13. The nutritional composition of any one of claims 9 to 12, wherein the nutritional composition meets the 2013 minimum protein quality requirements for adults established by the Food and Agriculture Organization of the United Nations.

14. A liquid nutritional composition comprising:

a protein system, calcium, zinc, and iron,

wherein the protein system comprises casein in an amount of 40% to 75% by weight of the protein system, rice protein in an amount of 10% to 30% by weight of the protein system, and pea protein in an amount of 10% to 30% by weight of the protein system;

wherein a weight ratio of the casein to the calcium in the liquid nutritional composition is 13: 1 to 25:1;

wherein a weight ratio of the rice protein to the zinc in the liquid nutritional composition is 6: 1 to 900:1; and

wherein a weight ratio of the pea protein to the iron in the liquid nutritional composition is 5.4: 1 to 800: 1.

15. The liquid nutritional composition of claim 14, wherein a total protein amount is 1% to 12% by weight of the liquid nutritional composition.

16. The liquid nutritional composition of claim 14, further comprising at least one of carbohydrate and fat.

17. The liquid nutritional composition of claim 14, wherein the casein is present in an amount of 50%> to 70%> by weight of the protein system.

18. The liquid nutritional composition of any one of claims 14 to 17, wherein the rice protein is present in an amount of 15% to 25% by weight of the protein system.

19. The liquid nutritional composition of any one of claims 14 to 18, wherein the pea protein is present in an amount of 15% to 25% by weight of the protein system.

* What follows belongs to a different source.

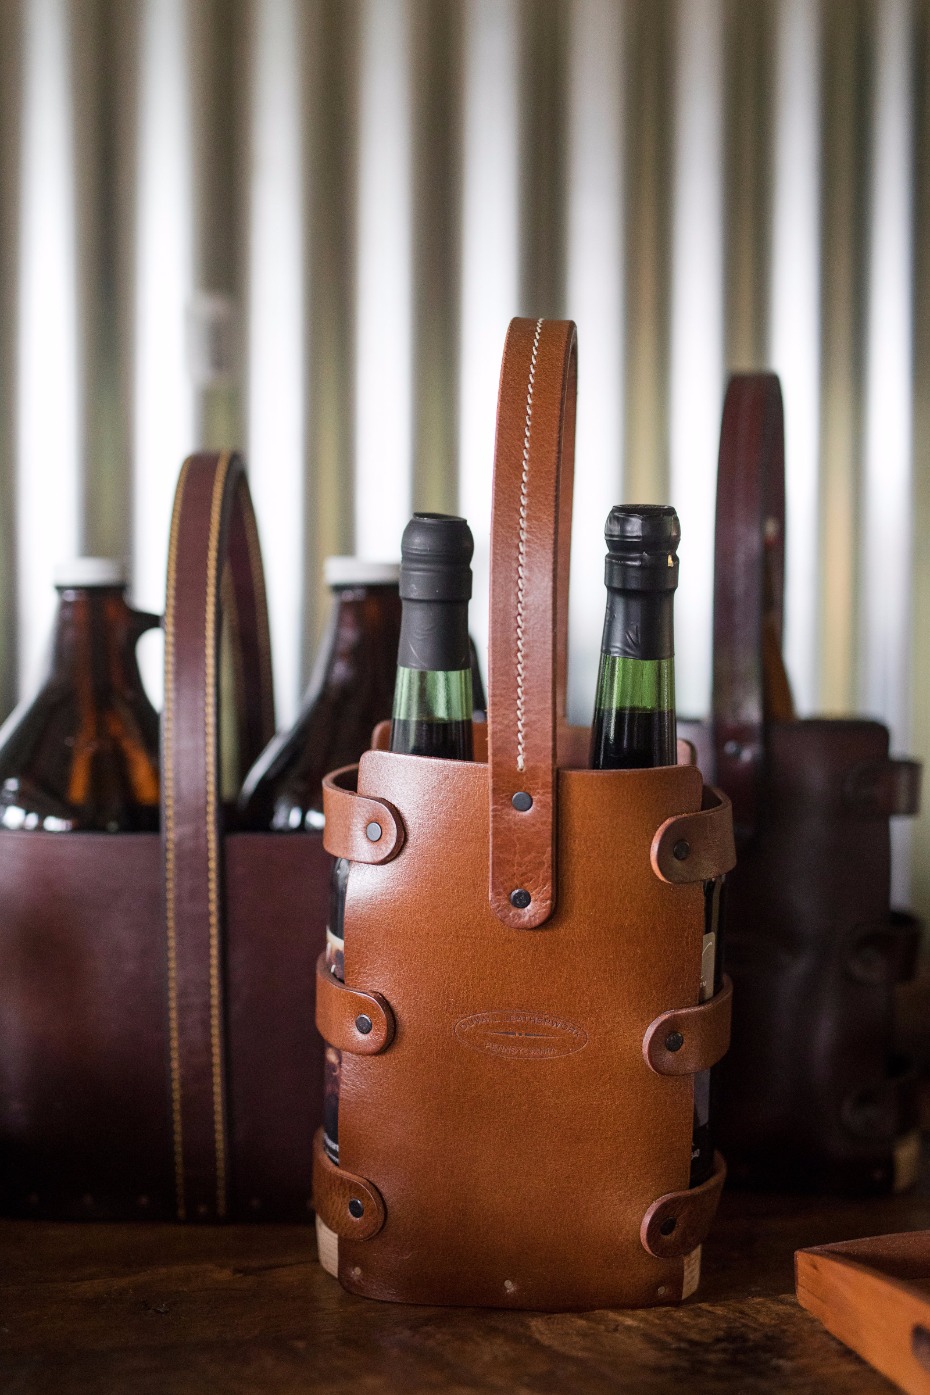 wine and growler caddies are the prefect groomsmen gifts

20. The liquid nutritional composition of any one of claims 14 to 19, wherein the protein system comprises casein in an amount of 50% to 70% by weight of the protein system, rice protein in an amount of 15% to 25% by weight of the protein system, and pea protein in an amount of 15% to 25% by weight of the protein system.

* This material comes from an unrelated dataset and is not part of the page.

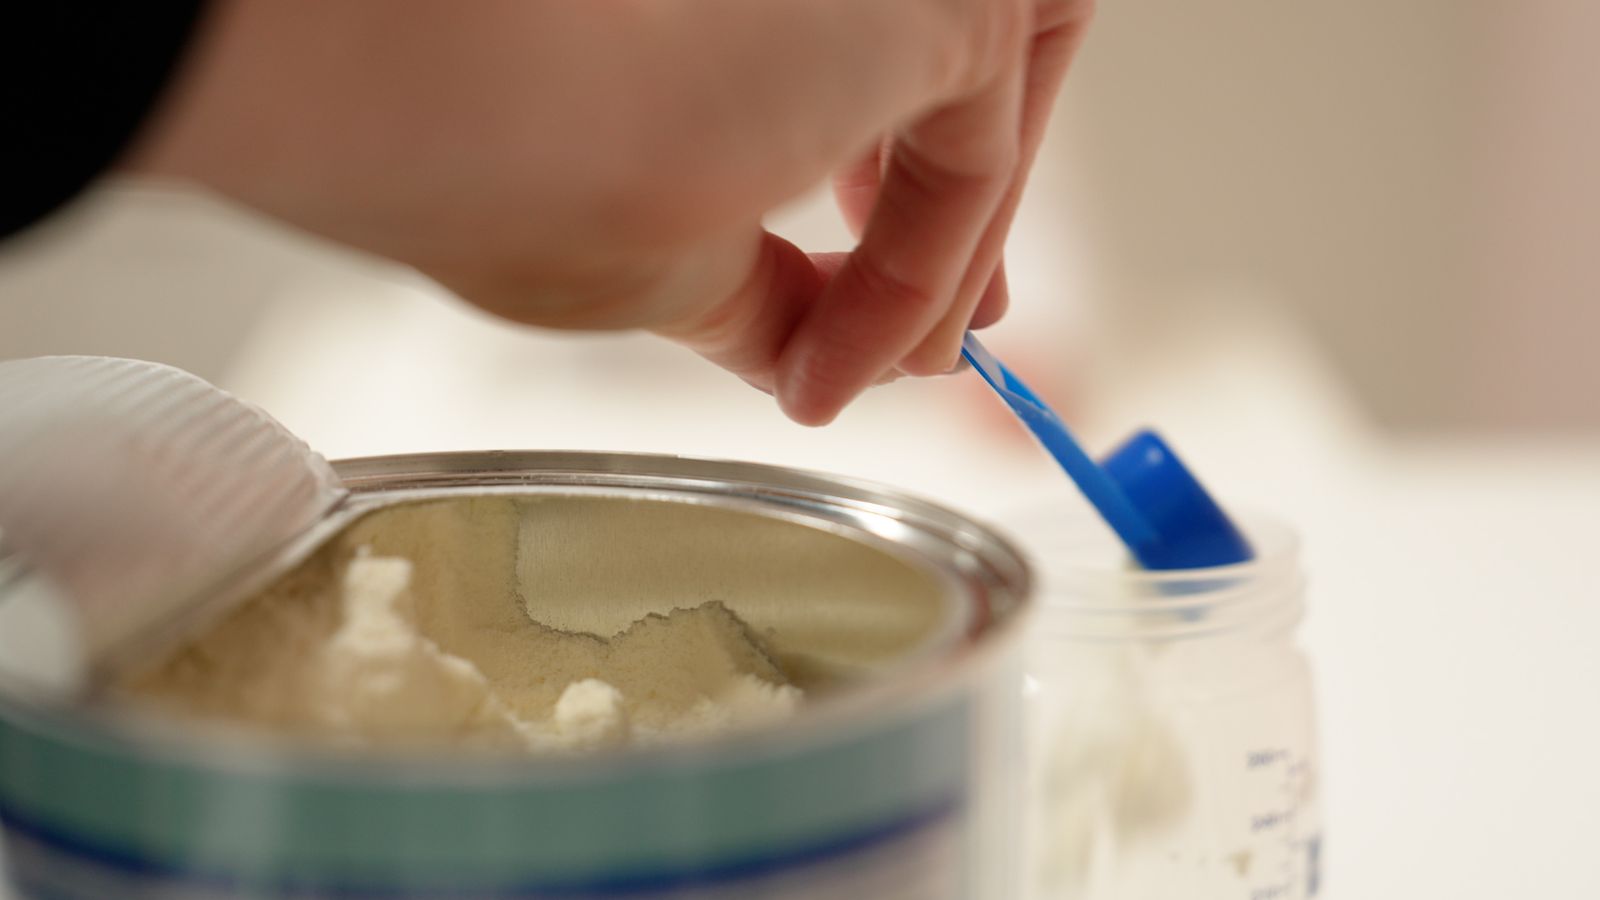 Desperate parents are stealing baby formula to keep their children fed | UK News

21. The liquid nutritional composition of claim 20, wherein protein is present in an amount of 1% to 12% by weight of the liquid nutritional composition, carbohydrate is present in an amount of 1% to 30% by weight of the liquid nutritional composition, and fat is present in an amount of 0.1% to 12% by weight of the liquid nutritional composition.

22. The liquid nutritional composition of claim 20, wherein the calcium is present in an amount of 0.05% to 1.0% by weight of the liquid nutritional composition.

23. The liquid nutritional composition of claim 20, wherein the zinc is present in an amount of 0.001% to 0.020% by weight of the liquid nutritional composition.

24. The liquid nutritional composition of claim 20, wherein the iron is present in an amount of 0.0005% to 0.050% by weight of the liquid nutritional composition.

25. The liquid nutritional composition of any one of claims 14 to 24, wherein the concentration of lysine is 57 mg/g to 79 mg/g of protein in the liquid nutritional composition.